Nelson Chipman Jr. often pauses while talking to sip from a bottle of water.
Due to treatments for a malignant carcinoma in his neck, his esophagus has shrunk and his saliva glands are dry. The 64-year-old has undergone chemotherapy and taken hydrocodone and morphine. He has also asked his doctors if medical marijuana would ease his pain or reliance on opiates.
But as Marshall County prosecutor, Chipman is sworn to uphold the law, even the federal ban on marijuana as a Schedule 1 drug and Indiana’s reluctance in legislating medical marijuana for Hoosiers.
“On the subject of medicinal cannabis, there is a fundamental disconnect between the realities of the agencies we entrust with cannabis regulation and the realities of millions of Americans, tens of thousands if not hundreds of thousands of Hoosiers,” Chipman told a legislative panel.
“This disconnect breeds disrespect for the law and its institutions. This disrespect erodes the rule of law. It is an erosion we can no longer tolerate.”

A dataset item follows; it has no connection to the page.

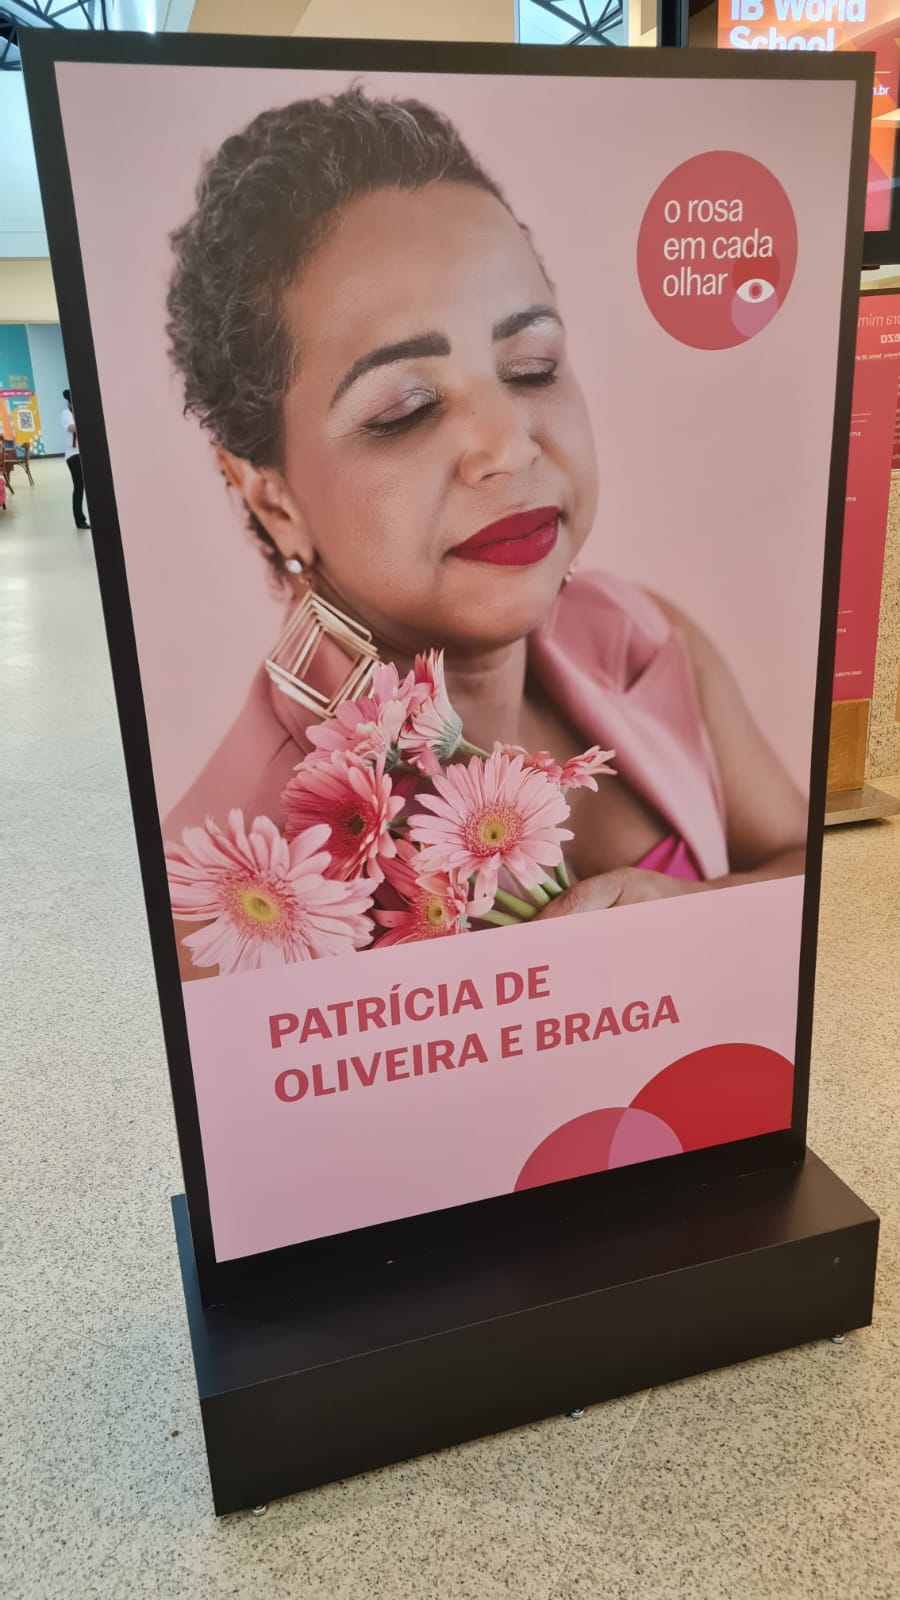 Patrícia de Oliveira Braga

The committee he was addressing — the Interim Study Committee on Public Health, Behavioral Health and Human Services — couldn’t muster enough votes to present a recommendation on medical marijuana, either for or against, to the Indiana General Assembly for its 2019 session. There are 31 states that have a medical marijuana program.
Though disappointed, advocates say the committee’s stalemate isn’t a setback.
“Giving that vague response, that is lighting a fire under the public, and that is encouraging them to get more involved going into the General Assembly, and that’s where I think the magic will happen,” said David Phipps, communications director for the Indiana Chapter for the National Organization for the Reform of Marijuana Laws.
He added, “I still think we have a really good chance of getting a medical cannabis bill passed, as limited as it may be, as early as this General Assembly.”
Committee members discussed whether medical marijuana should be limited to patients with chronic pain, Crohn’s disease or cancer, but no consensus was reached.
Opponents and supporters of medical marijuana generally acknowledge that Indiana needs further research.
Chipman’s advocacy is far afield from the Indiana Prosecuting Attorneys Council.
“Despite claims to the contrary, the legalization of marijuana could further exacerbate Indiana’s opioid epidemic,” David Powell, the association’s executive secretary, said in a statement to the committee.
Powell cited a study of 30,000 American adults published by the American Journal of Psychiatry showing that marijuana users were more than twice as likely to abuse prescription opioids. The Centers for Disease Control and Prevention found in 2015 that marijuana users are actually three times more likely to become addicted to heroin, Powell said.
The committee’s Oct. 18 meeting won’t end the discussion.
“There will be plenty of senators and representatives bringing legislation forward next year,” said State Sen. John Ruckelshaus, R-Indianapolis, a member of the committee.
State Sen. Karen Tallian, D-Portage, plans to introduce legislation creating an umbrella agency to oversee programs for hemp, CBD oil and, possibly, medical marijuana.
“Nobody wants this job,” she said. “The Board of Health doesn’t want it. The Agriculture Department doesn’t want it. The seed commissioner doesn’t want it. I think we need an agency, perhaps similar to the alcohol commission or the gaming commission, and the agency can develop expertise in all of these issues.”
Both sides of the issue were given an hour to address the committee. Among the arguments:
• The Indiana Chamber of Commerce wants further clinical trials regarding therapeutic marijuana use, said Mike Ripley, Vice President of Healthcare Policy for the Chamber. Mostly, the chamber is concerned over the impact of marijuana use on Indiana’s workforce. In 2017, 1.9 percent of Indiana workers tested positive for marijuana, although some northeast and southwest pockets are as high as 3.1 percent, according to the annual Quest Diagnostics Drug Testing Index. The national rate is 2 percent, with Michigan at 2.8 percent, Illinois and Kentucky at 2.1 percent and Ohio at 1.9 percent.
• Nine percent of people using medical marijuana develop an addiction, according to Dr. Tim Kelly, medical director for addiction treatment services of Community Health Network. Youth who use substances have a chance for a five-fold lifetime risk of addiction. “Progression to use of other drugs is absolute,” he said.
• Medical marijuana could reduce opiate overdose deaths, said attorney Steven Dillon, chairman of Indiana NORML. Last year, 1,840 Hoosiers died from opioid overdoses, an 18 percent increase over the previous year, he said. There was a 25 percent decrease in opioid overdoses in medial marijuana states.
• States need to have strict regulations, said Tim Butler, an Illinois state legislator from Springfield. Patients should be fingerprinted with background checks in order to obtain a card allowing access to medical marijuana dispensaries. Sales need to be tracked as does “every plant from seed to sale.”